Individuellement, Orlando n’a pas grand-chose à se reprocher. Utilisé au poste de pivot par son coach malgré la présence du baobab Joe Kleine, il se coltine défensivement les meilleurs big men du pays. Son duel contre Ralph Sampson reste d’ailleurs gravé à jamais dans les mémoires. Tête de série numéro un, Virginia est sur une série de 28 victoires consécutives avant d’affronter les Fighting Irishs. La mission d’Orlando, contenir comme il peut Sampson et ses 2m24 ! Non seulement, Woolridge frustre la grande tige en pratiquant une défense physique, mais en plus, il devient le héros du match en inscrivant un game winner en bordure de touche. Son plus beau souvenir universitaire :

Je ne pensais pas du tout à l’attaque pendant la majeure partie du match. J’essayais de refuser le ballon à Ralph. De toutes les manières possibles. Pour être honnête, je l’idolâtrais presque. Faire ce qu’il a fait contre Ohio State (40 points et 16 rebonds), c’était irréel. J’ai essayé de le rudoyer de temps en temps, de lui faire perdre le rythme. Je n’aime pas jouer de cette façon, mais il est si puissant. J’ai essayé de le frustrer et de l’intimider. Je ne sais pas si cela a fonctionné. Ce que je sais, c’est qu’il m’a intimidé, avant que je rentre ce game winner. Enfant, vous vous amusez avec des shoots comme ça dans le jardin. Mais vous ne pensez jamais que ça se produira dans un match. Et sûrement pas pour gagner un match comme celui-ci.

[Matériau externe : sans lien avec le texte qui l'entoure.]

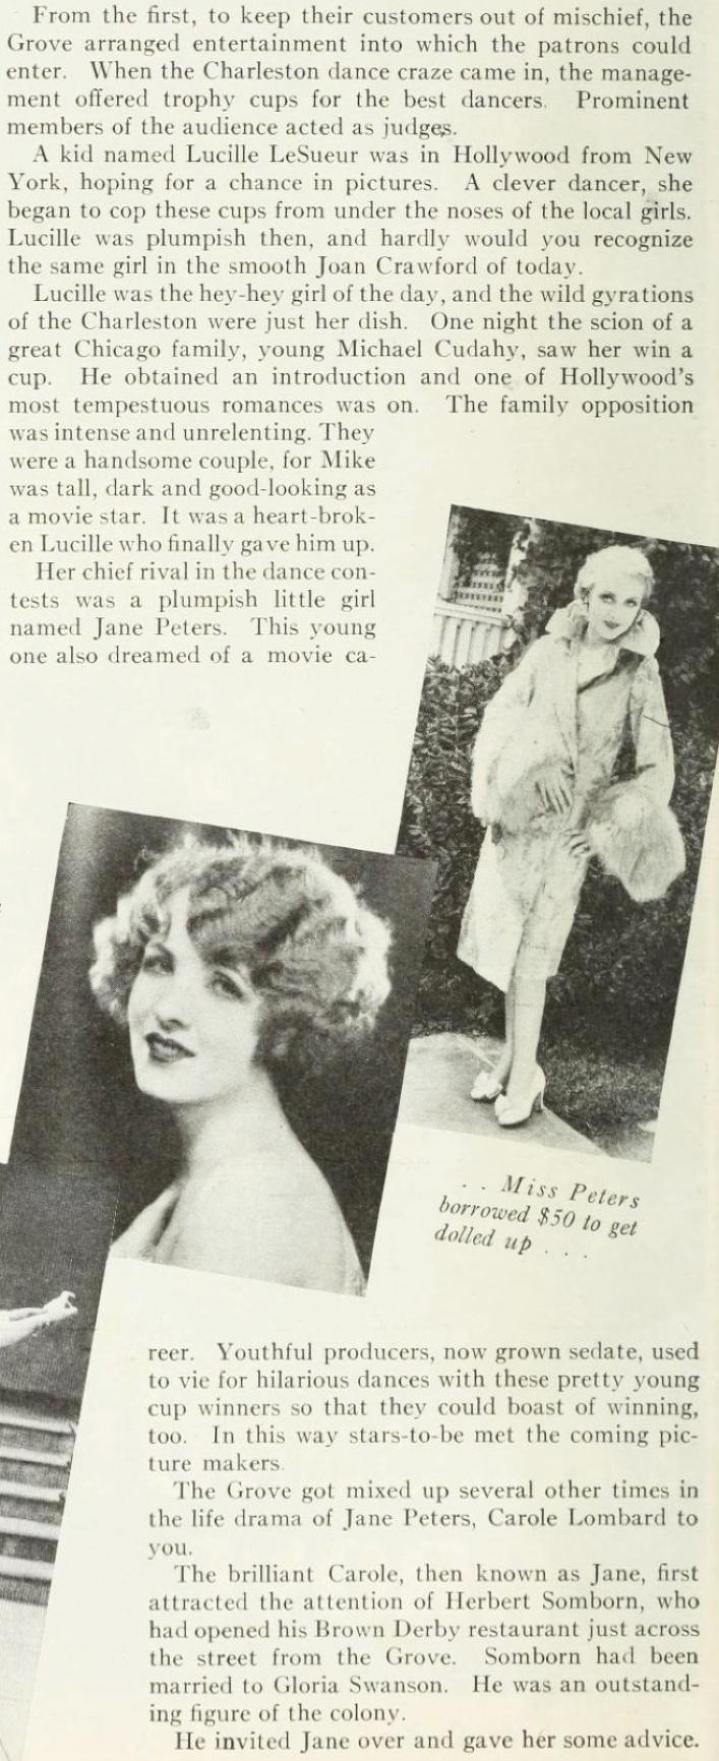 carole lombard photoplay april 1937db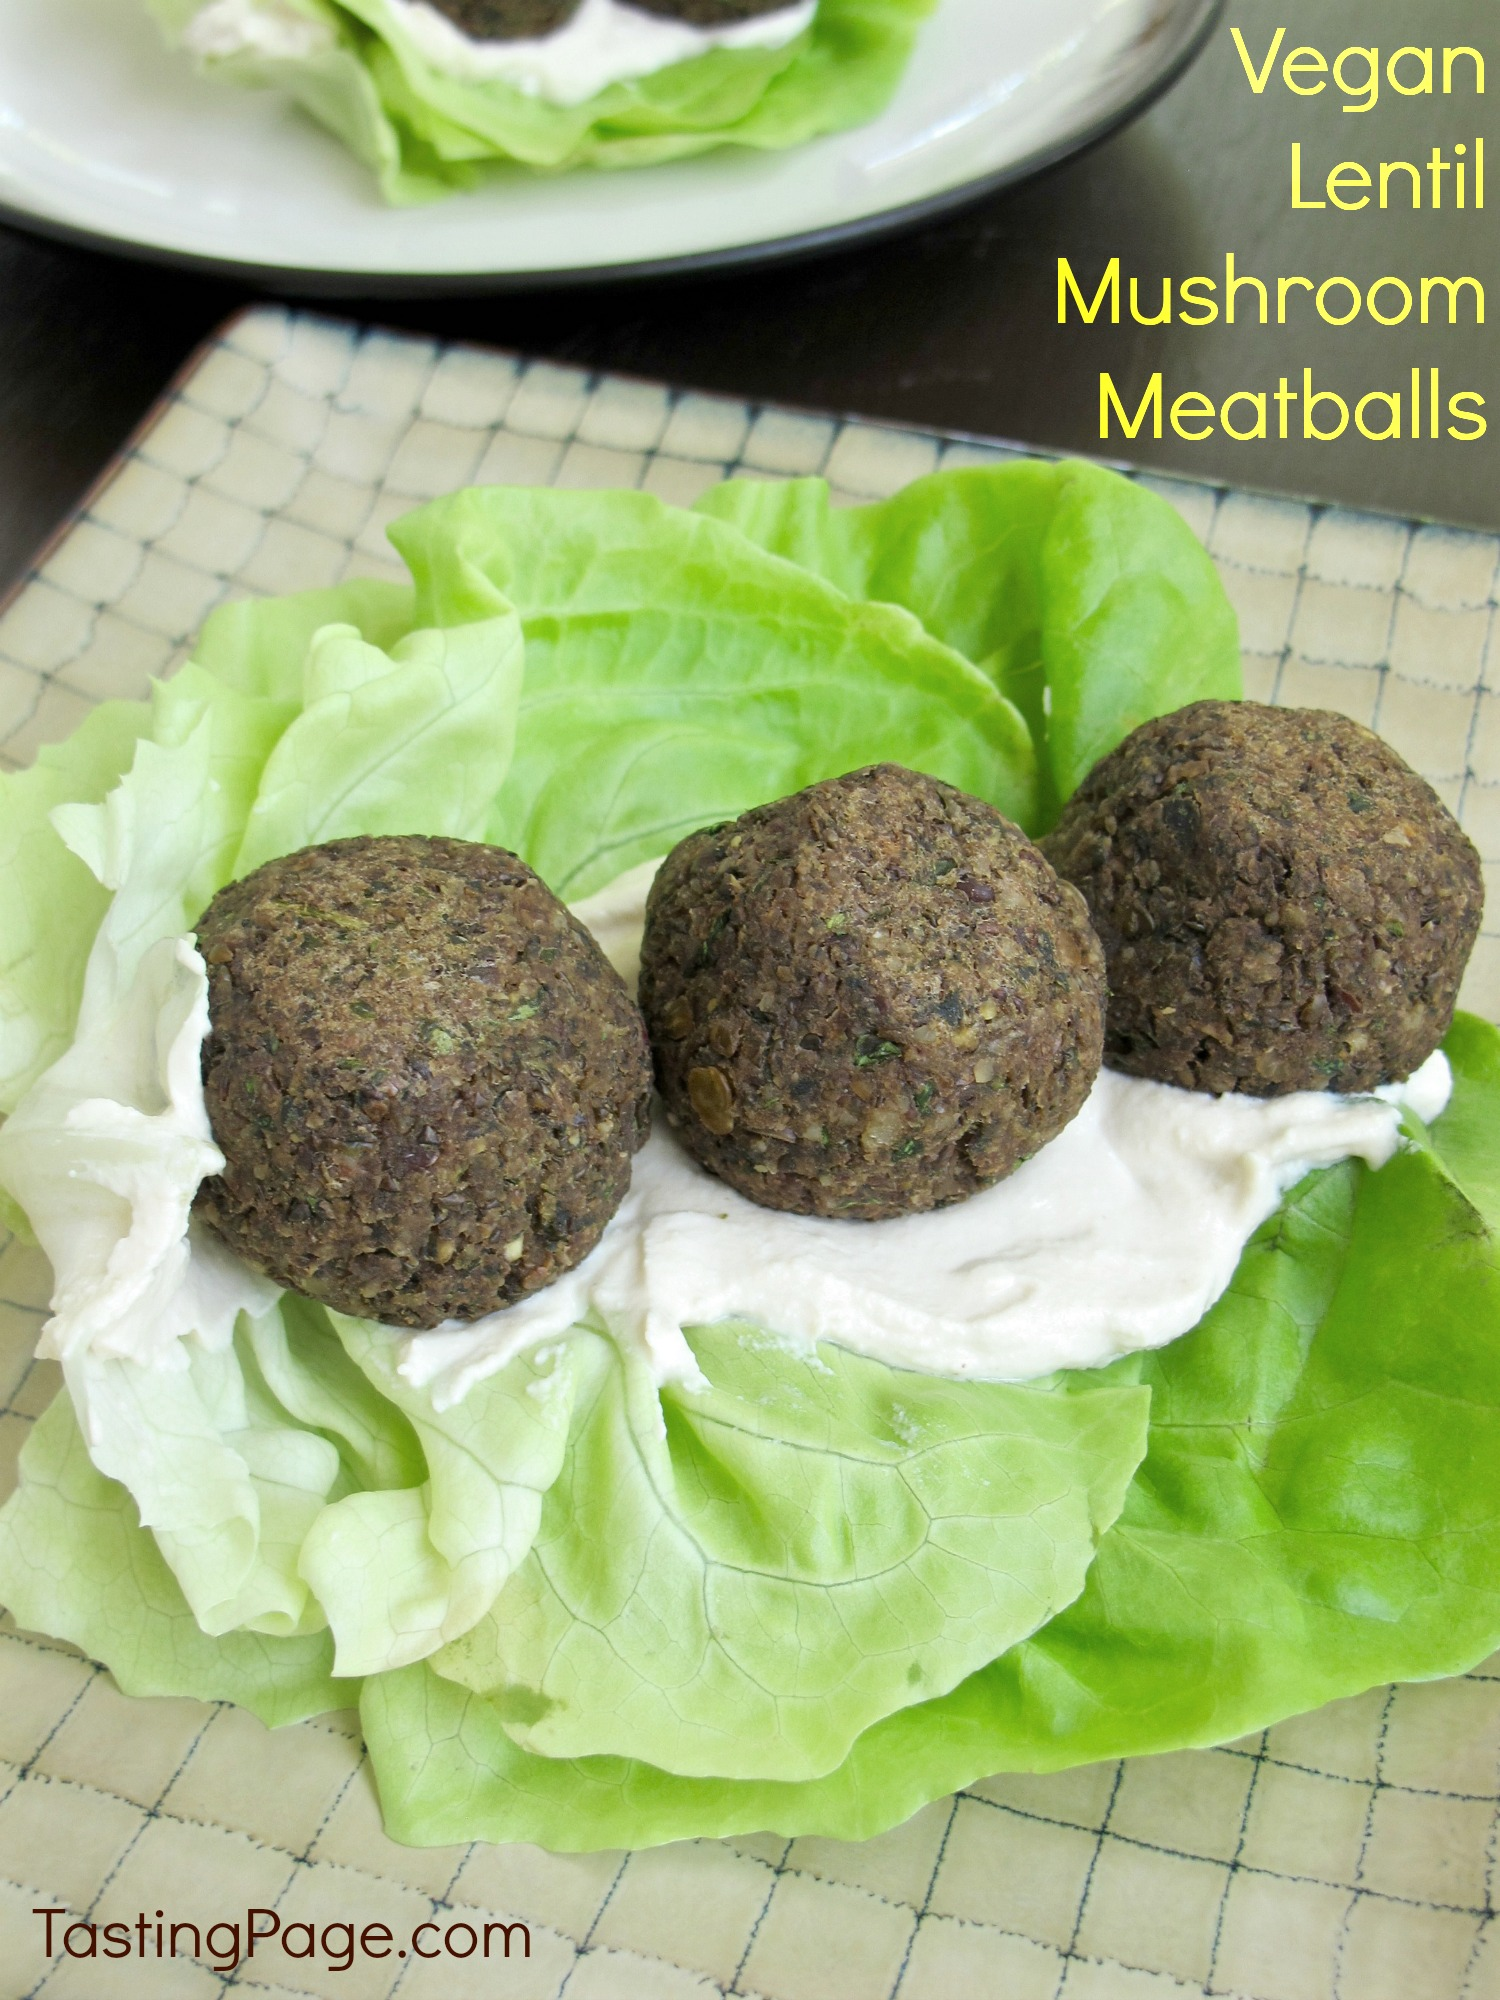 Vegan Lentil Mushroom Meatballs - a tasty meat-less meal filled with veggies - Tasting Page

LE TRAVELLING COCAINE CIRCUS DE CHICAGO

Draft 1981. Derrière les futurs All Stars Mark Aguirre et Isiah Thomas, aucun prospect ne fait l’unanimité. Avec le sixième choix, les Bulls sélectionnent Orlando Woolridge. Pour épauler son pivot vétéran Artis Gilmore et l’arrière scoreur Reggie Theus, Chicago veut du talent sur son aile. Ironie, Woolridge est appelé six places devant son ancien coéquipier Kelly Tripucka, pourtant meilleur marqueur de Notre Dame chaque saison. C’est le physique d’Orlando qui a fait la différence, les dirigeants chicagoans fantasmant sur son profil NBA Ready. Pour lui faire place nette, les Bulls n’hésitent pas à couper l’ailier Scott May, drafté à la deuxième place cinq ans auparavant. Et au moment de signer son contrat, les choses s’enveniment. Le rookie veut tout de suite se mettre à l’abri financièrement. S’en suit un bras de fer avec le general manager qui ne cède que mi-novembre. Woolridge signe pour 1,5 million sur cinq ans, faisant de lui le Bull le plus payé du roster derrière Gilmore. Avec la saison déjà lancée, il met du temps à trouver le rythme pour ne s’imposer qu’à partir de mars avec 10.3 points et 4.2 rebonds en 20 minutes. Pas suffisant pour les playoffs. Avec un roster mal construit, Chicago enchaîne les défaites et vire le coach légendaire de la franchise, Jerry Sloan, pour nommer à sa place, le GM Rod Thorn. Un dysfonctionnement de plus dans ces Bulls des eighties. Gangréné par des problèmes de drogue, le vestiaire de Chicago fait régulièrement la Une des faits divers, pour une équipe bientôt baptisée Travelling Cocaine Circus. A 22 ans, Orlando tombe dans la mauvaise école.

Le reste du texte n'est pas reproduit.